Naglee & Parrott v. Lyman
Before: Field
Synopsis
A letter of credit, promising unconditionally to accept bills drawn upon its faith, is deemed, under our statute, an actual acceptance in favor of a person who, upon its faith, receives a bill so drawn, for a valuable consideration.
It is no objection to recovery on a bill, that, by special indorsements on it, title is shown out of the payee, without any retransfer from the last indorsee to him, if there be proof that the indorsements were made simply for collecting the bill, and that the indorsees had no interest in it.
If, when a creditor takes a bill before maturity, as collateral security for an antecedent debt, there be any change in the legal rights of the parties in relation to such debt, the creditor becomes a holder for value, and the bill is not subject to the equities between the original parties.
In this State, taking such collateral security changes the legal rights of the parties, as it operates as a surrender, by the creditor, of the right to attach the property of the debtor, and this surrender is a sufficient consideration for the security.
The transfer to a receiver, by order of Court, of the effects of an insolvent, in the suit of a judgment creditor, is not an assignment absolutely void under the Insolvent Act of 1852, according to any decisions of this Court, but only void as against the claims of creditors. The cases of Cheever v. Hays, (2 Cal. 471,) and of Adams v. Woods et al. (8 Id. 152,) on this point, explained.
Opinion — Field
Field, C. J. delivered the opinion of the Court—Cope, J. concurring.

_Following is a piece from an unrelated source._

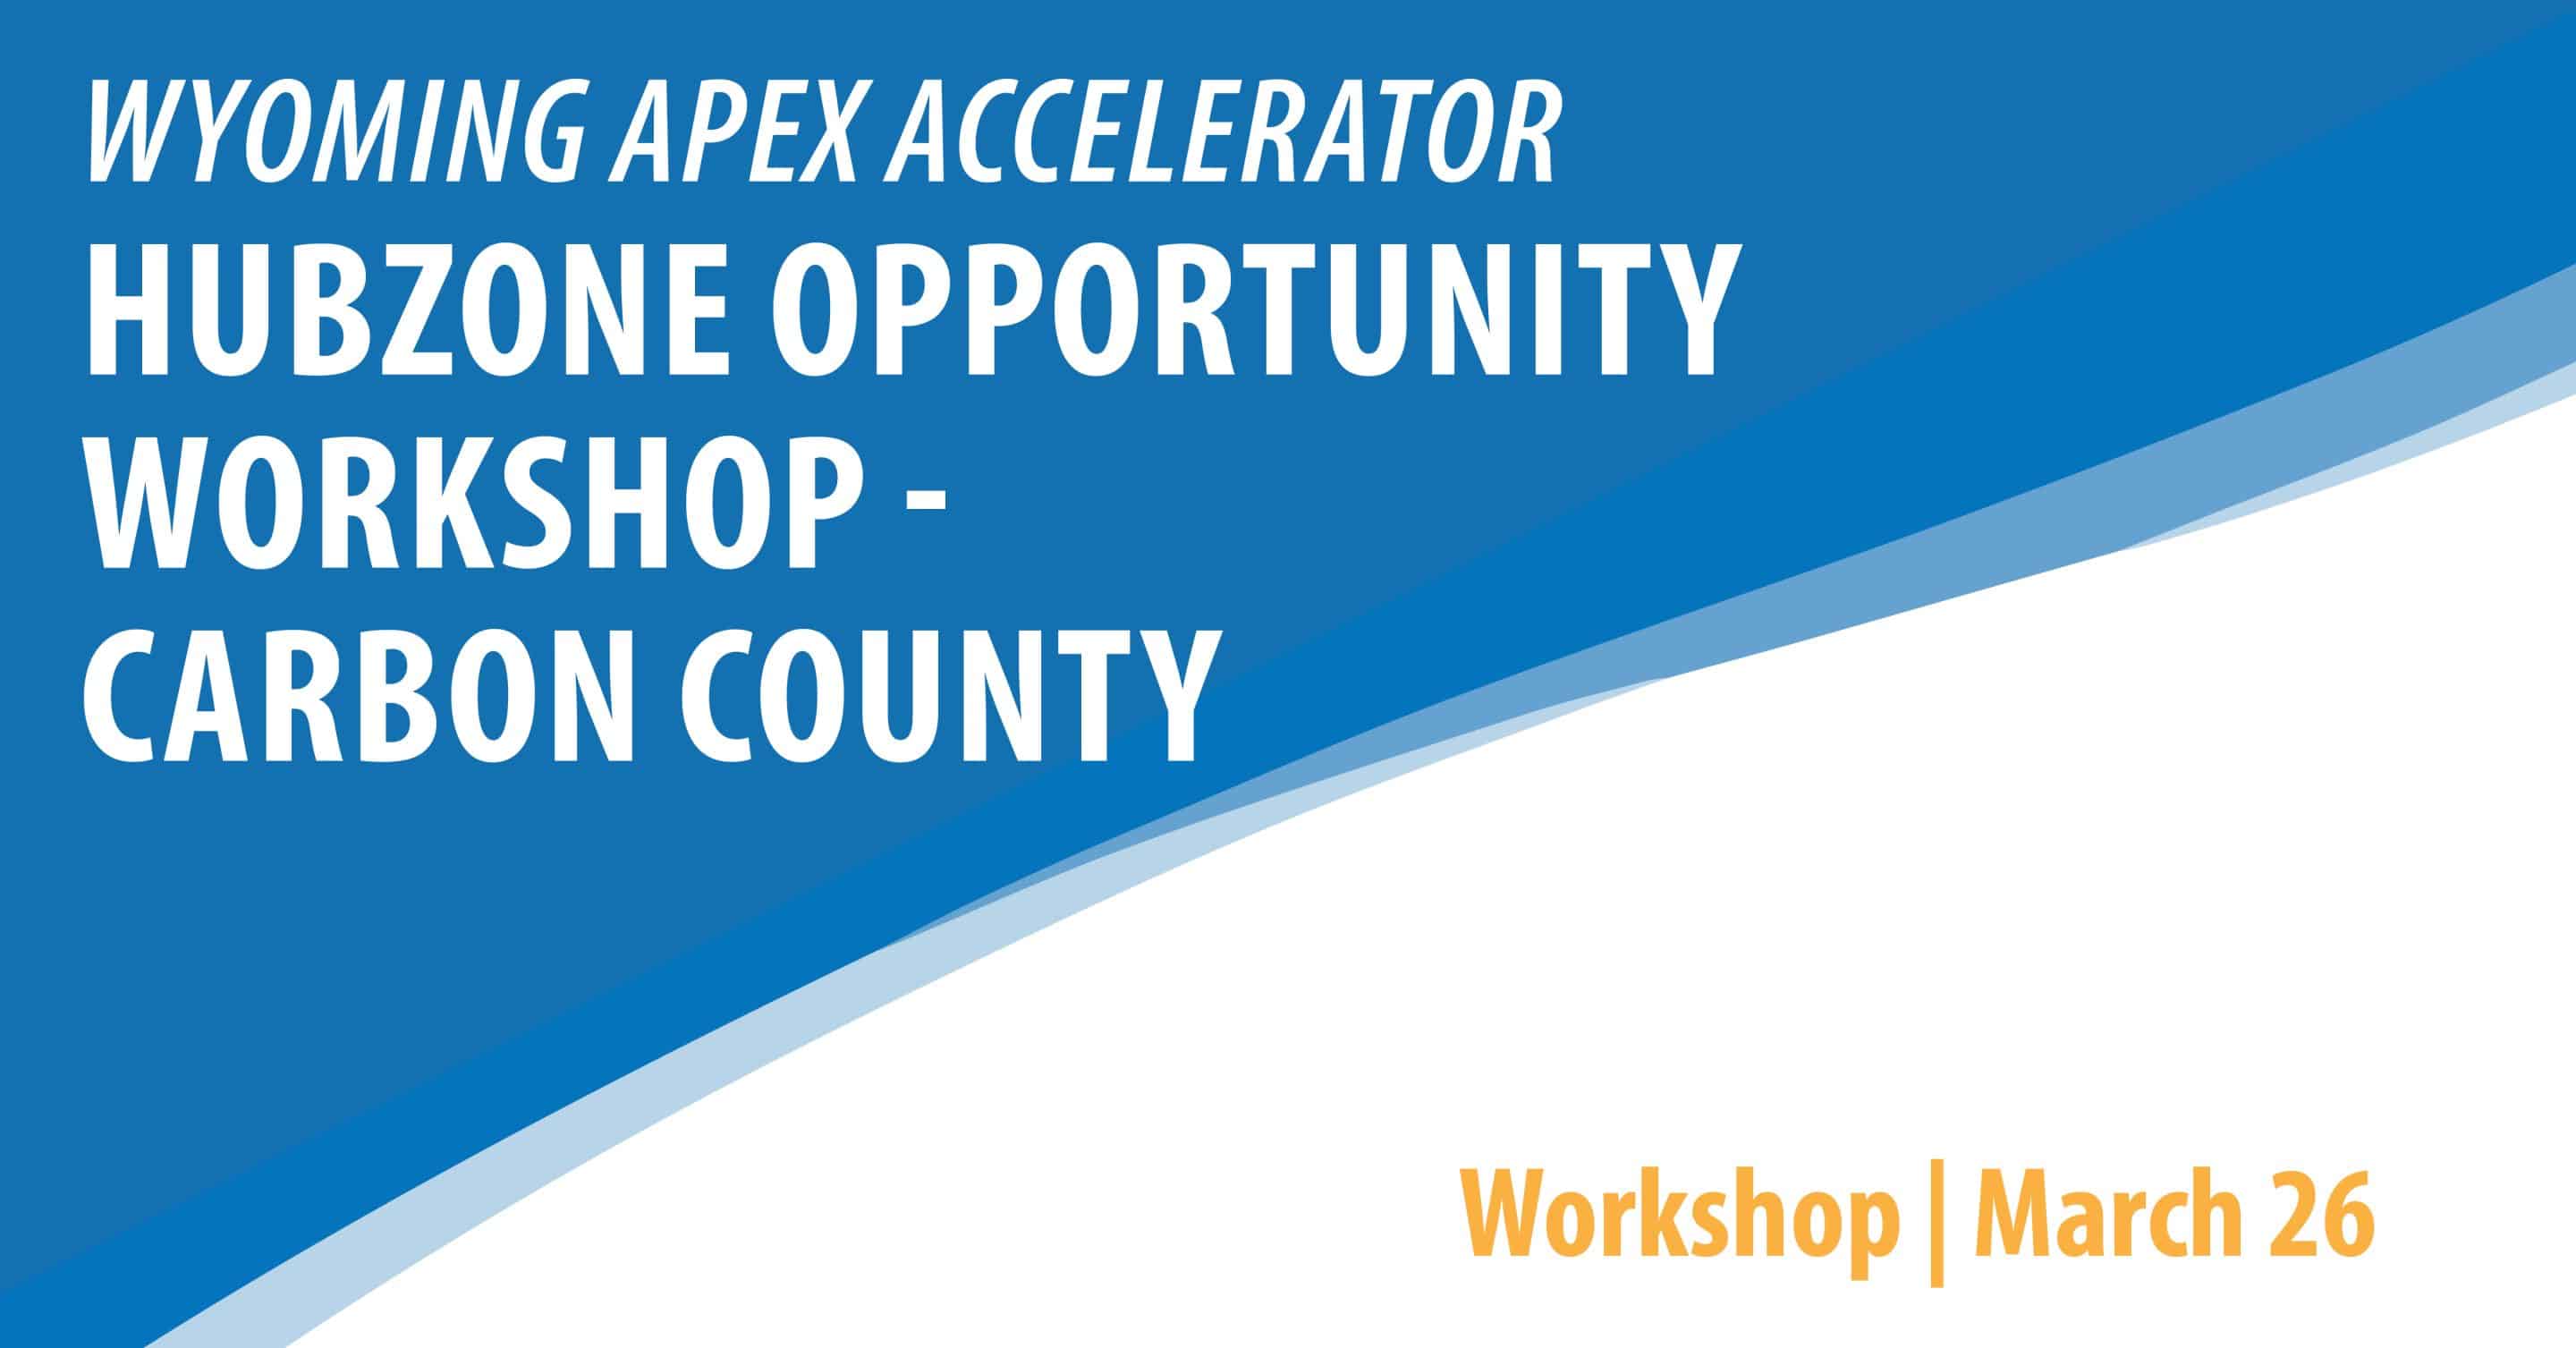 HUBZone Opportunity Workshop - Carbon County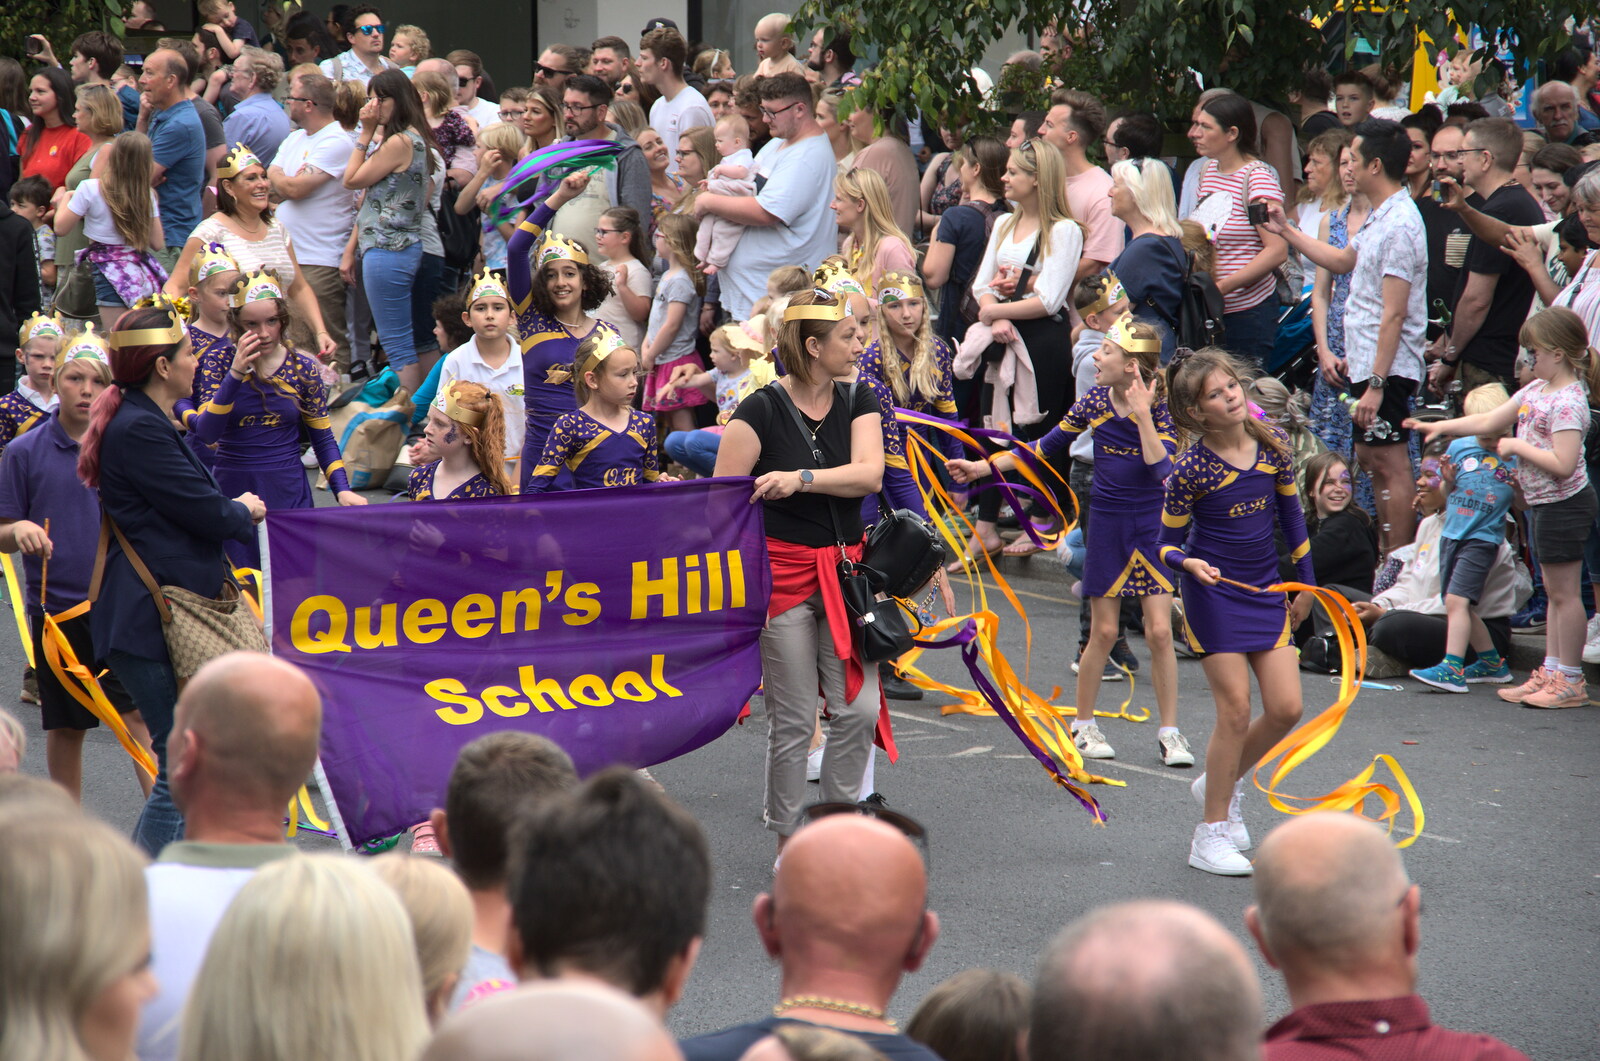 Another school dancing group from The Lord Mayor's Procession, Norwich, Norfolk - 2nd July 2022

In 1854, the defendant gave Clifford & Co. of San Francisco, a letter of credit, authorizing them to draw upon him at Boston or ¡New York, at sixty or ninety days’ sight, for any sums not exceeding twenty thousand dollars. The object of the credit was to énable Clifford & Co. to raise funds at San Francisco, and to remit the same to the defendant. They had, in fact, no interest in the transaction, the proceeding being a mere device on the part of the defendant to raise money on the time drafts of Clifford & Co. for his own use. Upon receiving the letter, Clifford & Co. applied to Page, Bacon & Co. to cash their bills on the defendant for the amount of the credit, payable sixty days after sight. Page, Bacon & Co. refused to do this, as the bills had too long to run, but after some negotiation sold their own sight bills on Boston, for the amount, to Clifford & Co. upon the promise of the latter to pay for the same within three or four weeks, retaining, by agreement, the letter of credit as collateral security for the payment. Soon afterward the costs of the bills were paid to Page, Bacon & Co. but through inadvertence the letter of credit was not withdrawn from their possession. Previous to this letter, Clifford & Co. were indebted on their own note to Page, Bacon & Co. in the sum of fifteen thousand dollars, of which amount ten thousand remained unpaid in February, 1855, when the latter firm suspended payment. For this balance security was demanded 5 and upon the suggestion of one of the firm of Page, Bacon & Co. a bill for the amount was drawn by Clifford & Co. upon the defendant at Boston, based upon the letter of credit, payable in sixty days after sight to the order of Page, Bacon & Co. and delivered to them. The bill was taken as collateral security merely, and not in payment of the note. Upon presentation of the bill at Boston, acceptance and payment were refused, and the bill was accordingly returned under protest. The plaintiffs were appointed receivers of the effects of Page, Bacon & Co. by order of the District Court, and authorized to institute suit for the collection of demands of that firm, in their hands as such receivers. They recovered judgment and defendant appeals.
Some attempt was made to show that the credit was revoked [454]by the defendant previous to the drawing of the bill in suit, but the evidence on the point was too slight to justify any conclusion to that effect. The question upon which the case must turn relates to the sufficiency of the consideration given by Page, Bacon & Co. The non-acceptance of the drawee cannot affect his liability; the letter of credit containing an unconditional promise to accept the bills, drawn upon its faith, and the statute providing that such promise in writing, made before the bill is drawn, shall be deemed an actual acceptance in favor of every person, who, upon its faith, shall receive the bill/or a valuable consideration. (Laws of 1850, Ch. 100, Sec. 8.) The objection to the authority of the plaintiff as receivers to institute the suit is answered by the finding of the Court, which we must presume, in the absence of anything to the contrary in the record, was based upon proper evidence of the fact, and the objection that the special indorsements on the bill show title out of Page, Bacon & Co. as there was no retransfer from the last indorsee to them, is met by the proof that the several indorsements were made for the purpose of collecting the bill, and that the indorsees had no interest in it. (See the Chatauque County Bank v. Davis et al. 21 Wend. 584: Dugan et al. Executors, etc. v. The United States, 3 Wheat. 172; and Dollfus v. Frosch, 1 Denio, 367.)